Protection of the mind, hifdh al aql.
Adolescent addictive and self-destructive behaviors can be considered aberrations of the mind. The most significant adolescent health problem is addiction to nicotine, alcohol, and drugs with their mental and physical consequences. Adolescents are susceptible to addictions because of their cognitive immaturity, failure to control emotions and drives, and peer or media pressures.

The adolescent social environment affects behavior that will lead to addiction for example the socio-demographic factors for adolescent smoking are environmental including living in a household with one parent or no parent,[7] parental or best friend smoking[8], exposure to secondary smoking acting through nicotine addiction,[9],[10] watching movies with smoking scenes.[11]

The socio-demographic risk factors of alcohol addiction are: movies with alcohol themes[12], friends[13], and conflict with parents[14]. Alcohol, named by the Prophet as the mother of all evils, umm al kabair[15], leads to risky sexual behavior in adolescence[16] and adulthood.[17]Binge drinking is associated with structural[18] and functional[19] changes in the brain.Genes have been found to interact in multifactorial adolescent alcohol pathways with such factors as parenting rule setting,[20] peer influence,[21] the psychosocial environment,[22] stressful life events,[23] and family malfunction or mistreatment.[24]

The socio-demographic risk factors of substance abuse are similar to those of nicotine and alcohol addiction. Structural defects found on MRI investigation indicate that growing adolescent brains are susceptible to cannabis[25]. Both socio-demographic and biological risk factors of substance abuse can in my opinion be overcome by good parenting and a healthy social ambiance.Religiosity protects against substance abuse[26] but research has shown that incongruence between internal religiosity and external religious manifestations isa high risk for alcohol and drug use in Mexican adolescents.[27]Anecdotal evidences that I have collected over the years also seem to match this finding. Further research will be needed to confirm the result as well as find an explanation for it.

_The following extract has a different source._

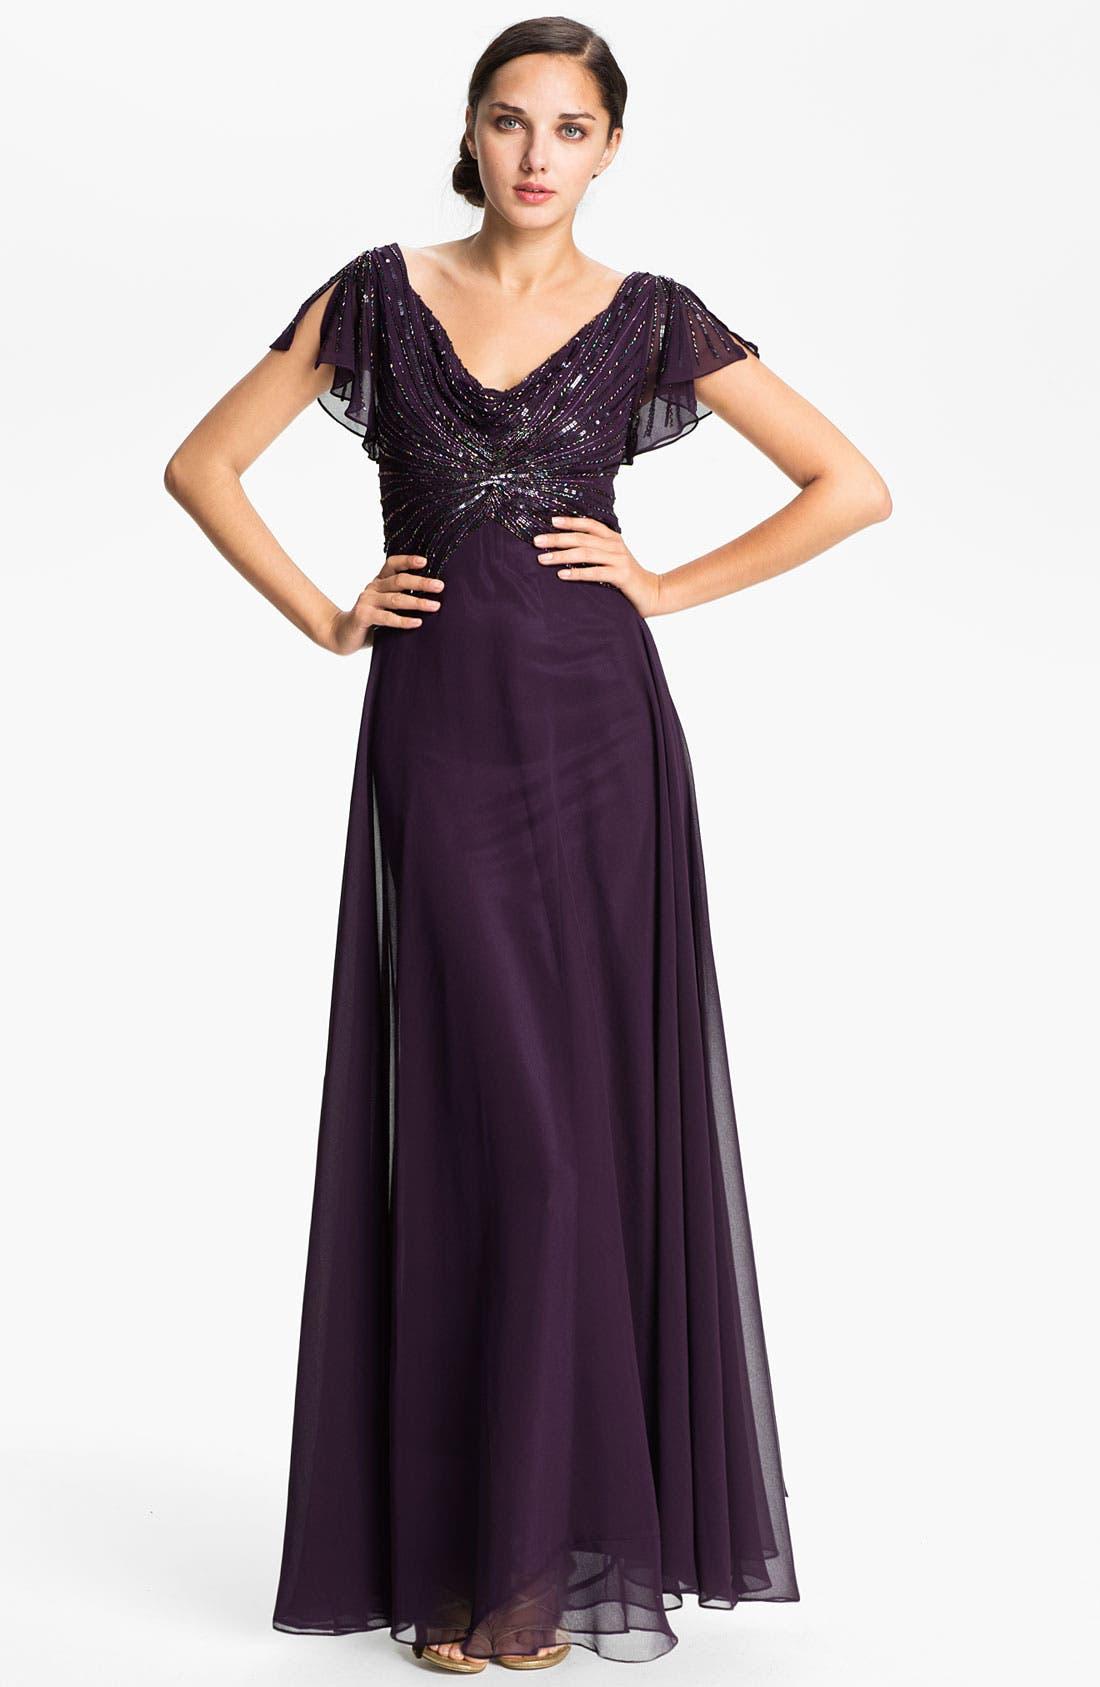 Alternate Image 1 Selected - J Kara Embellished Drape Bodice Chiffon Gown

Suicide and para-suicide are found among adolescents. Risk factors of suicide mediated through shaming are: parental separation, parental unemployment and experiences of sexual abuse.[28]Socio-demographic risk factors for suicide: low self-esteem,[29] sleep problems,[30],[31]conformity to social perfectionism[32] as well as genetic and environmental factors[33]. In addition to these, suicide has a biological basis. Frontal brain activity is a predictor of depression.[34]MRI differences in brain activation were found in the brains of teenagers before and after treatment for depression.[35]A neurobiological basis for suicide was also suggested by low levels of the brain derived neurotropic factor, which affects serotonin neuronal development. This development is associated with suicide risk independent of psychiatric diagnoses.[36]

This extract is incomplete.